Hello ace
This is something Dr Bermant would be best placed to answer, so I would post this question to him on the main gynaecomastia talk board.
My version is this:
If a guy has excess fat and glandular tissue in the chest area, this can be surgically removed by excision and liposuction to 'normalise' the shape of this area.
Now that the tissue has been removed, there is still a layer of fat, but it is in proportion to the rest of the body.
It's the surgeons task to remove the right amount of fat in line with how fat or thin the patient is. If too much fat is removed, then the chest might look abnormally flat in relation to the rest of the body. In this case, even if the the guy concerned stuffed his face with ten big macs every day and put on significant weight, the chest area will put on weight, but proportionately less than the rest of the body, so will still look too flat in relation to the rest of the body.

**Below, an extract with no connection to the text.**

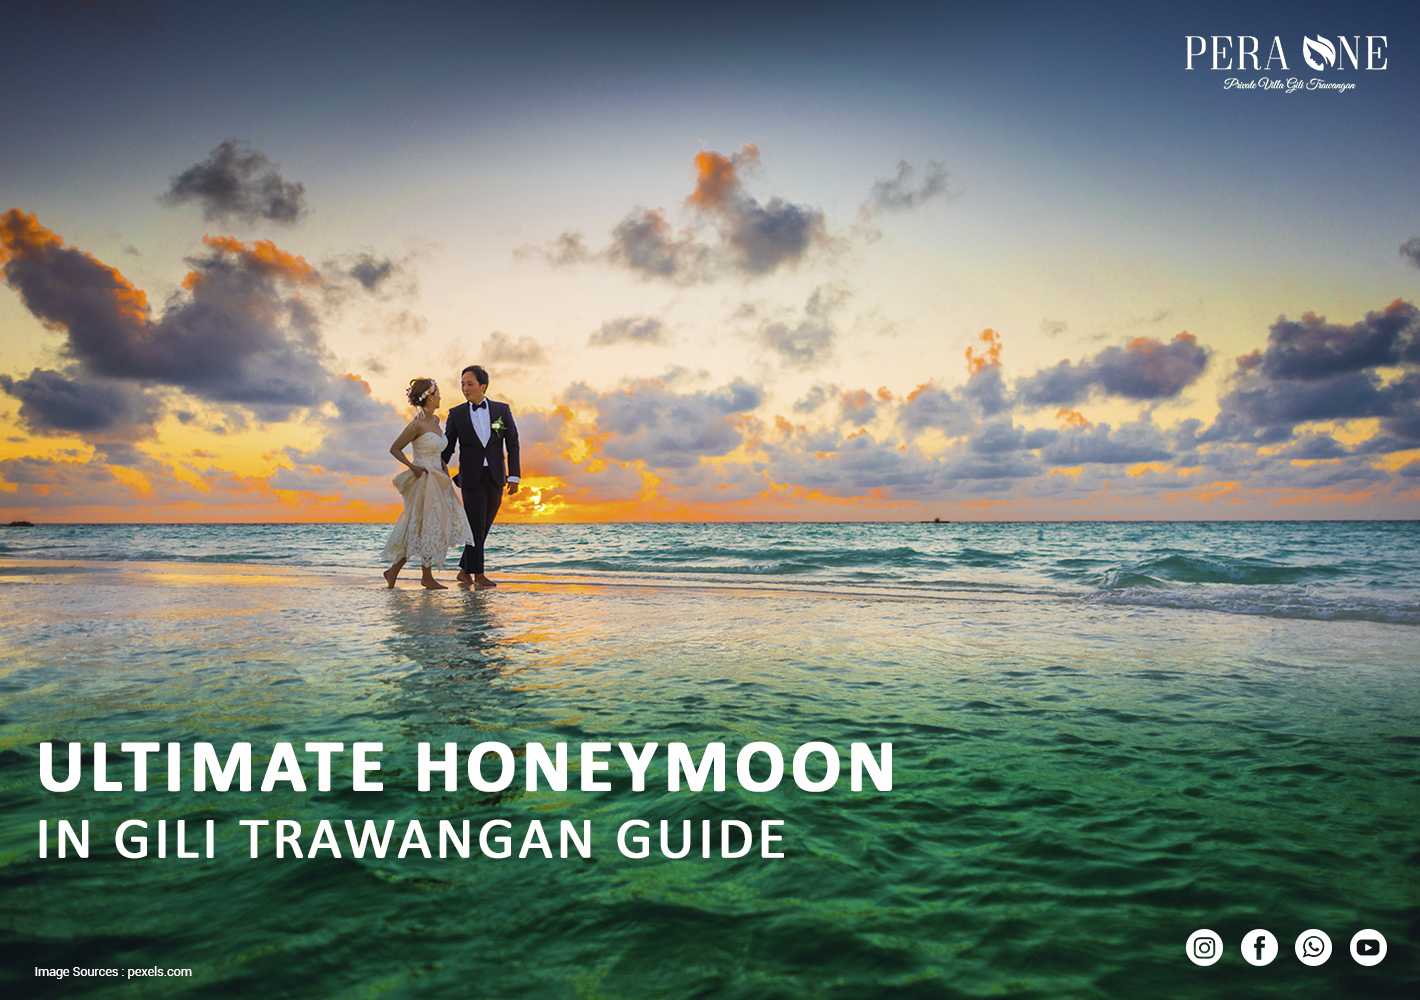 Ultimate Honeymoon in Gili Trawangan Guide

Fat cells have an amazing ability to expand in size. Take identical twins. If one eats loads of fatty or high carb foods and the other has a normal healthy diet, the one former will put on weight. No matter how much weight he puts on, be it half a stone or ten stones, each twin will have an identical number of fat cells. Only the fat twin's fat cells will be much, much larger than the thin twin's fat cells.
So, there is no such thing as 'new' fat. All that happens is that the existing fat cells swell up and make the person concerned look like a right fat biffer.